The Vizhinjam seaport project had missed several deadlines and was dragged into arbitration proceedings after the Adani Group failed to honour the provisions in the agreement signed between Kerala in 2015, according to which the port was to be commissioned in 2019. Later, the Kerala government walked the extra mile to bring the project on track by ending the arbitration proceedings against the port concessionaire halfway through, foregoing the ₹219 crore it was entitled to receive from the concessionaire for delaying the project for some five years.
Interestingly, the Kerala government, which develops the seaport under a Public Private Partnership (PPP) model with Adani Vizhinjam Private Port Limited (AVPPL), had maintained that the arbitration proceedings initiated against the Adani Group had to be withdrawn to make available the viability gap fund (VGF) of ₹817.80 crore allocated by the Central government to the AVPPL. But, in a recent development, the Centre asked Kerala to repay the VGF through revenue sharing, and this would cause an additional financial strain of ₹10,000-12,000 crore on the State government as the VGF would have to be paid back in net present value (NPV) terms through revenue sharing.
One of the conditions set by the State for extension of the deadline of the project to December 2024 was that the second phase of the port development should be completed by 2028, instead of the previous deadline of 2045.
Not concerned about case: Ports Minister
Kerala’s Minister for Ports V.N. Vasavan told The Hindu that the Kerala government, which contributed ₹5,595 crore of the ₹8,867-crore project in the first phase, was not concerned about the latest case affecting the project as the work on the first phase was over and the trail run had seen the berthing of about 54 container vessels, including some really big ones.
The port, he said, had contributed over ₹8 crore to the exchequer by way of tax.

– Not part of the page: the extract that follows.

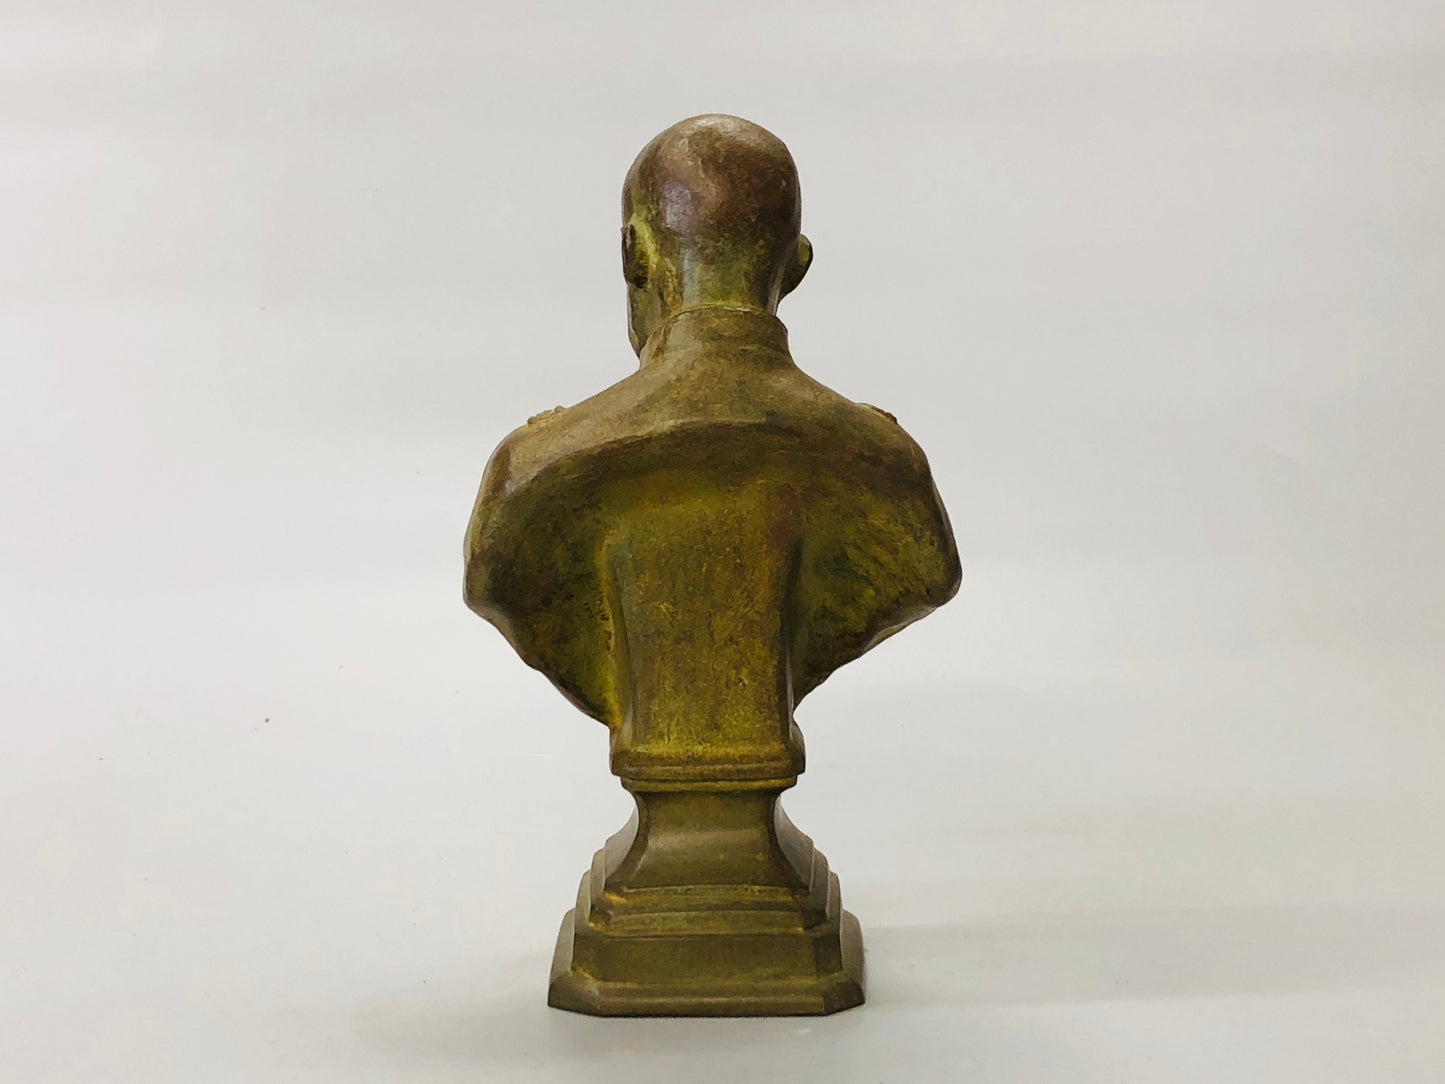 Y5294 Imperial Japan Army Bronze statue General Nogi figurine Japan WW2 vintage
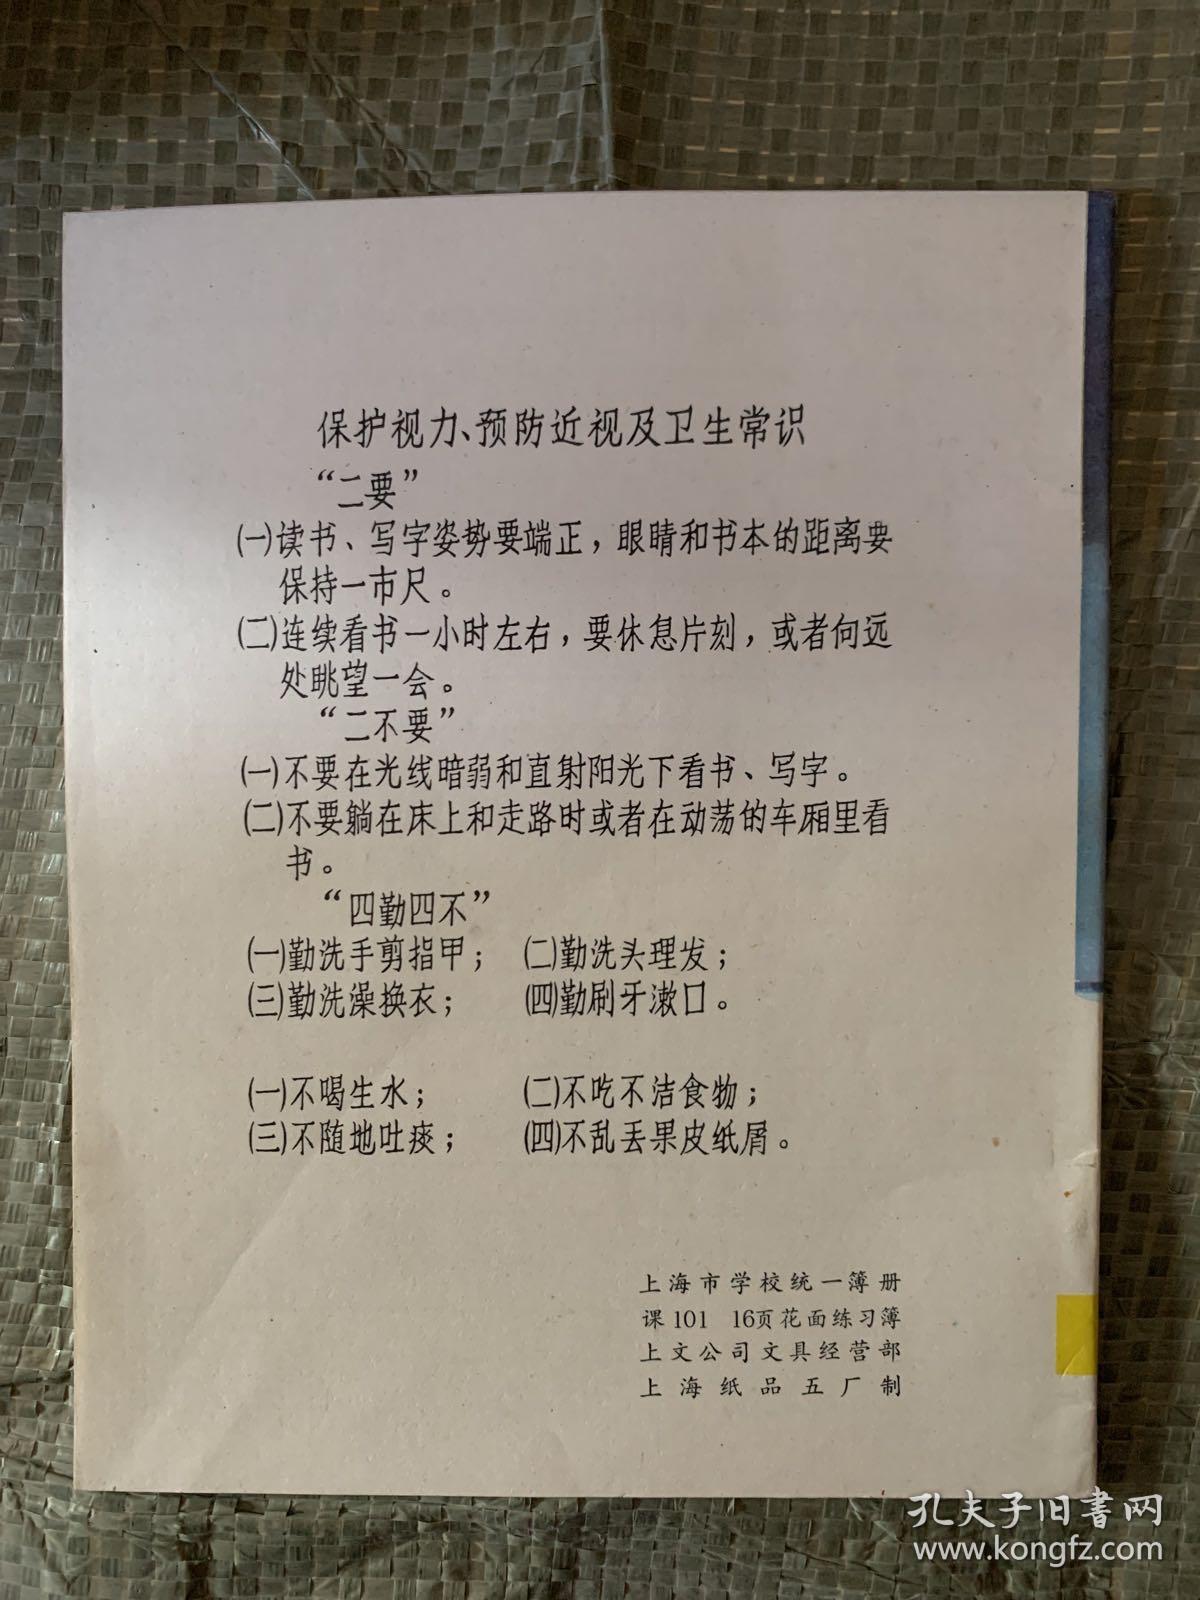 上海市学校统一簿册 练习簿 未使用.....、、、、

It was also in their [Adani Group’s] interest to begin the second and third phases at the earliest as the port opened a huge potential for the country as evidenced in the trial run, Mr. Vasavan added.
Opposition legislator M. Vincent, however, said that while the State had been confident in the group given their track record of developing ports over the years, the latest developments looked ominous for Kerala.